Laurie Meredith said...

I'm so glad that AP attitudes have changed. My adopted son is always happier after we have had a good talk about his birth mother and I acknowledge any sadness he may have from being separated from her even though he's never known her. I tell him I can't wait to see her again someday and give her a big hug and tell her how much I love her and am grateful to her.

Jane Edwards said...

Megan,
As your birthmother, I am most surprised by your post. You never told me any of this. If you had, it would have made a huge difference in our relationship.

I join with you in encouraging adoptive parents to keep adoptions open. Let me add, birthmothers need to keep adoptions open as well.

Some adoption practitioners present openness to birthmothers as a benefit for them, and don't stress the benefit to the child. Some mothers who find the thought of seeing their child painful, refuse contact with their child, unaware of how this impacts the child. In fact, some birthmothers believe that "staying out of the way" is best. I encourage birthmothers to remain in contact with their child in spite of the pain.

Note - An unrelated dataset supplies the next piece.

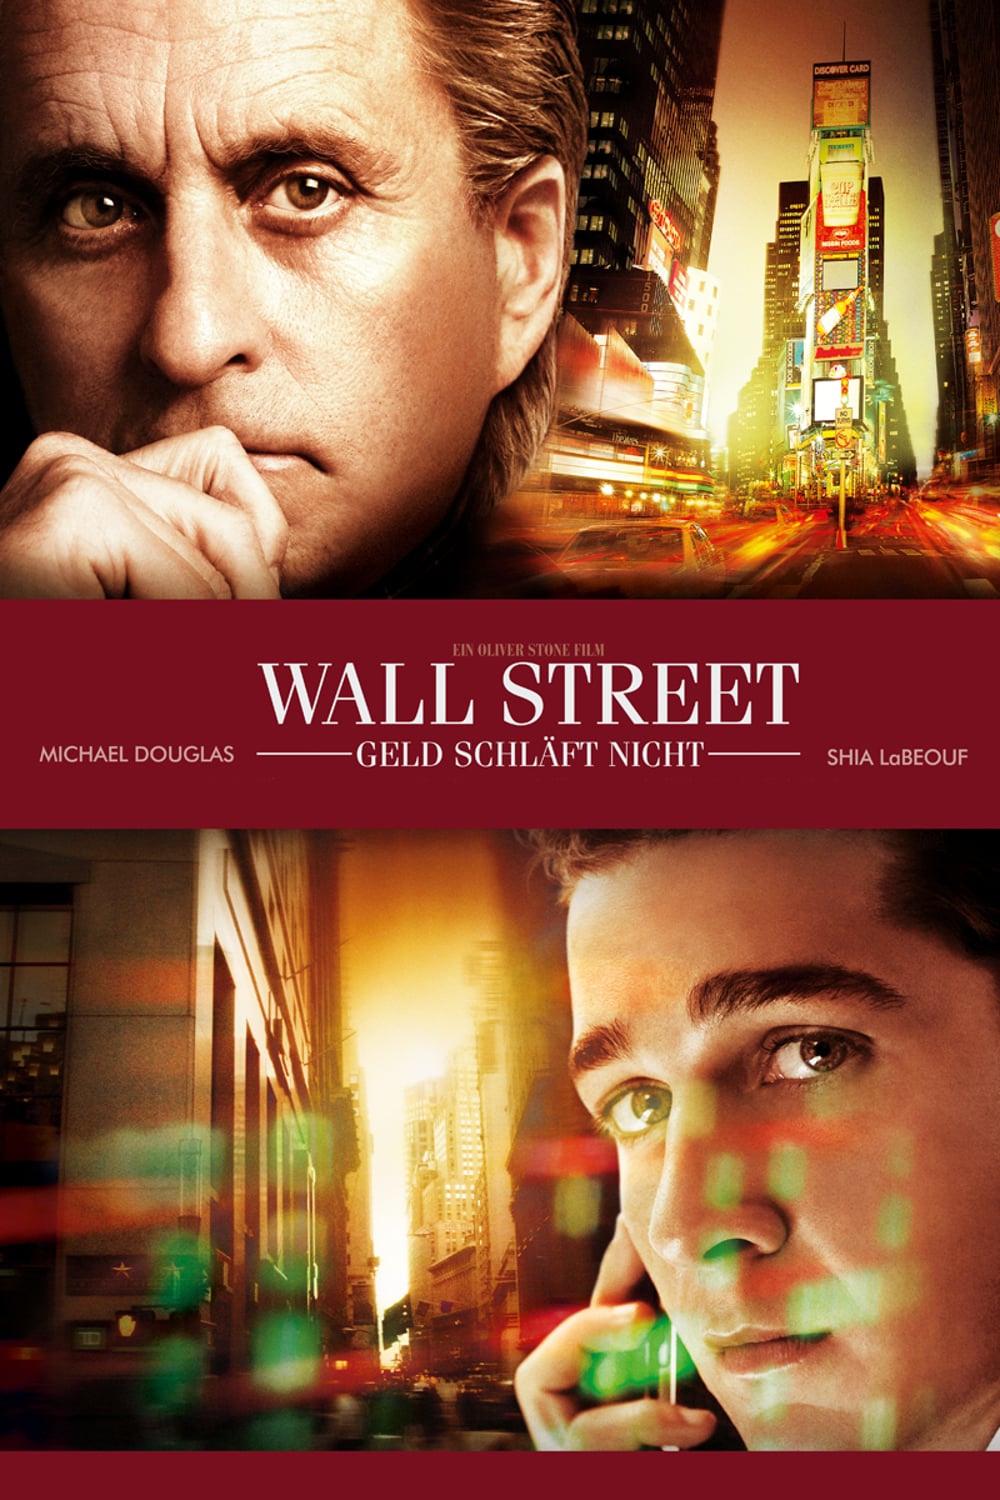 Plakat von "Wall Street - Geld schläft nicht"
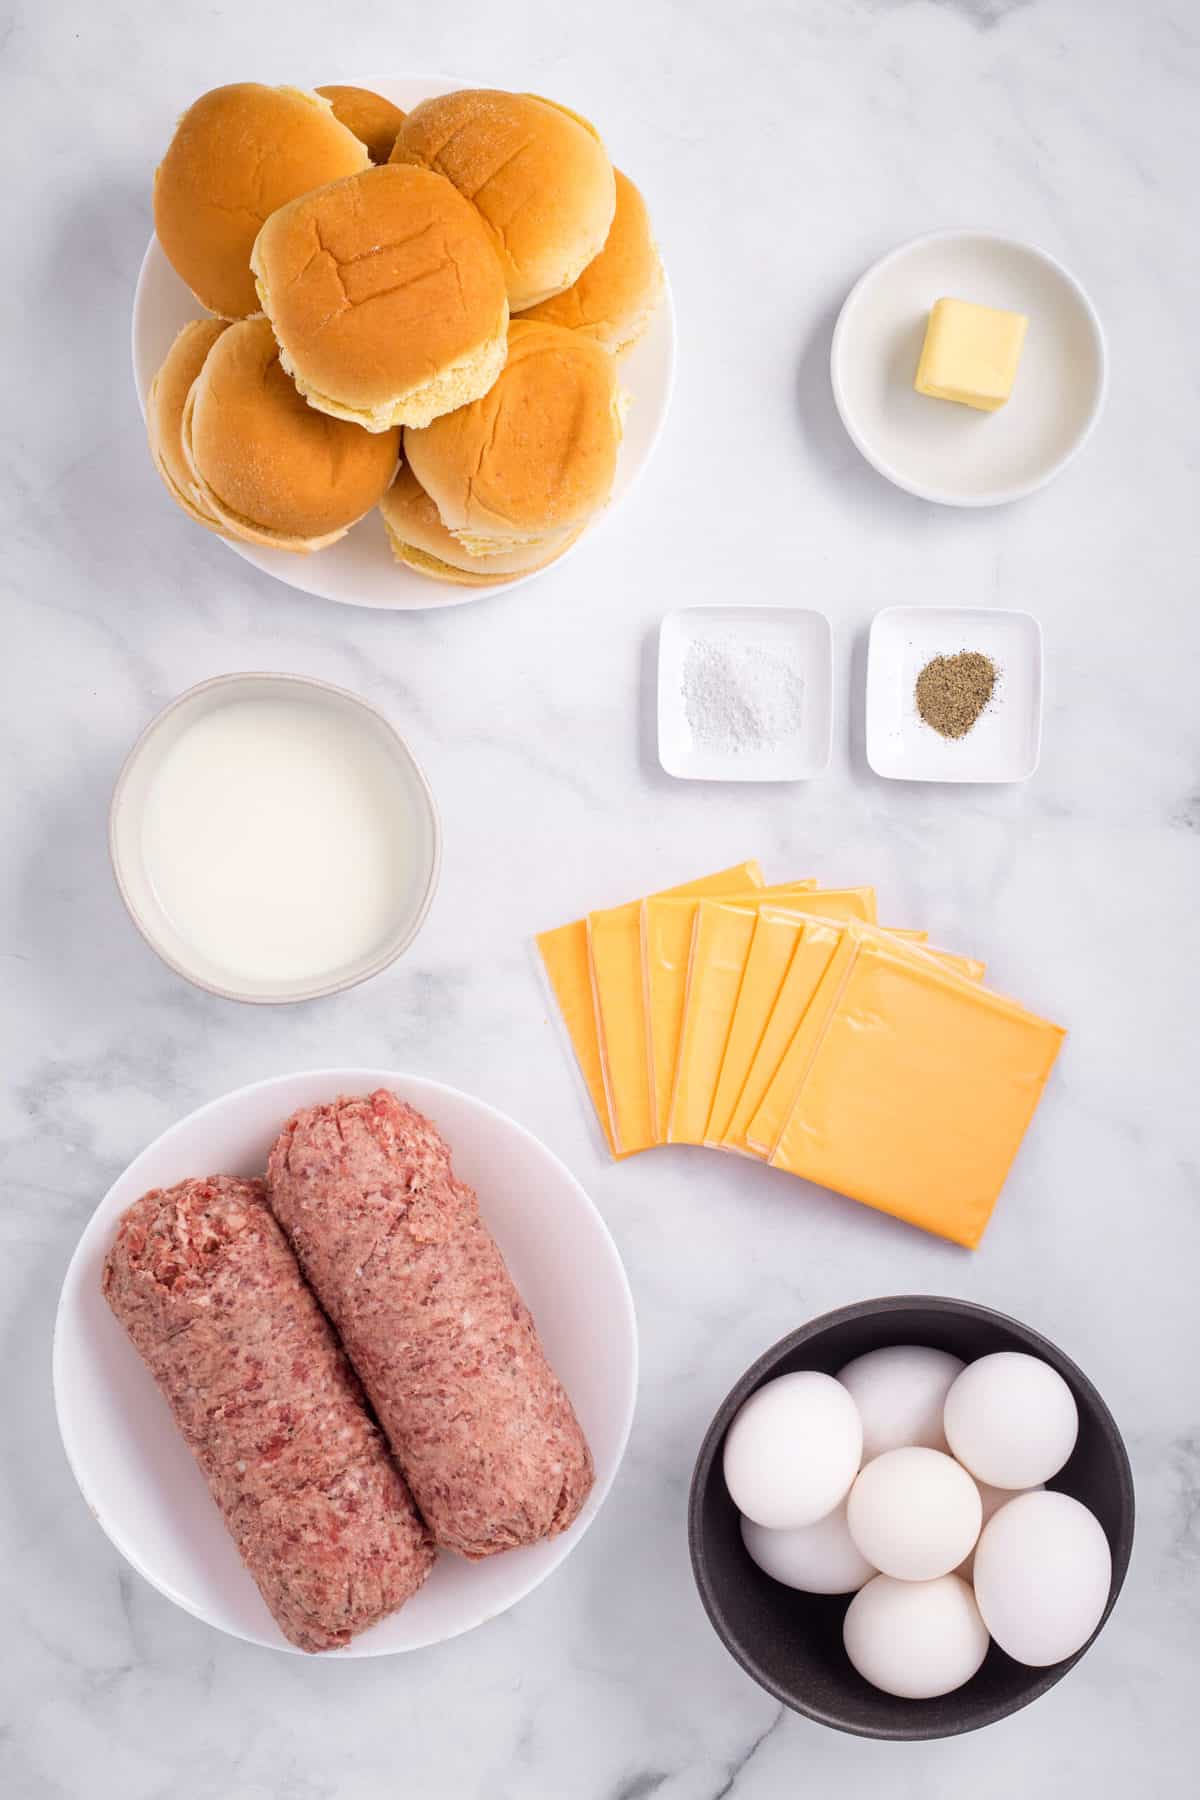 ingredients to make breakfast sliders at home

By the way, Happy Birthday!

Anonymous said...

What a great post! I'm neither Mormom (nor, any longer, particularly religious), but I do believe that the realm beyond this one holds connection for all of us ... and so, why wouldn't this world, also?

Open adoption requires committed, deep, honest, straightforward communication and I'm so glad to see much more support for those involved these days.

Lauren said...

I want to thank you for this blog post. You have no idea how much it has helped me. I am soon to adopt two young children from foster care and we will be sealed to them in the temple in a few months.

I have felt a strong prompting that I am supposed to do their genealogy for them as much as possible. I think this is partly because an open adoption is not feasible at this time, as both parents are drug addicts and criminals and have fled to Mexico (though I hope we can communicate through letters). I feel that if they have their genealogy it will help them to have a positive connection with their ancestors.

However, when I told both my mother and mother-in-law, their reaction was the same in both cases. They said something to the effect that "When they are sealed to you they will be part of your genealogy instead, because they were always meant to be part of your line." At first I felt like I must be a rebel in the church, since I refused to believe this "doctrine" that they were telling me. After all, all of the foster and adoption training we took talked about how important a connection with the biological family is!

So, your blog helped reassure me that what my mother and mother-in-law are saying is NOT actually doctrine. In fact, I can believe that the sealing ordinance will actually bind my family with my children's biological families! Then it would make sense why I feel these urges to seek out more information about their birth families.

One more thing, you talk about how how your mother's heart was broken because you sought out your birth mother. I have to say that, being in the same situation she was in, I can understand the feelings, though I can't explain them. When my foster children were still having visits with their mother, I was always insanely jealous that I had to "share" my children with her and that they might have affection for her, too. Of course, this is absurd, since she was drug addicted and only saw her kids for an hour a week - yet the thought of them calling someone else "mommy" drove me to distraction. I wanted to share this with you because I think it must be some sort of maternal instinct that is hard-wired into us! I have had to fight it every step of the way because I know that it is important to speak positively about their birth families as they grow up, and hopefully have a safe connection with them. But, I do relate to what your mother was feeling, even if I don't understand quite why it happens.

Anyway, thank you so much for your article. Thank you for helping me justify my promptings to seek out family ties for my children. Thank you for clearing up some doctrinal concerns I had. Lot of love for you.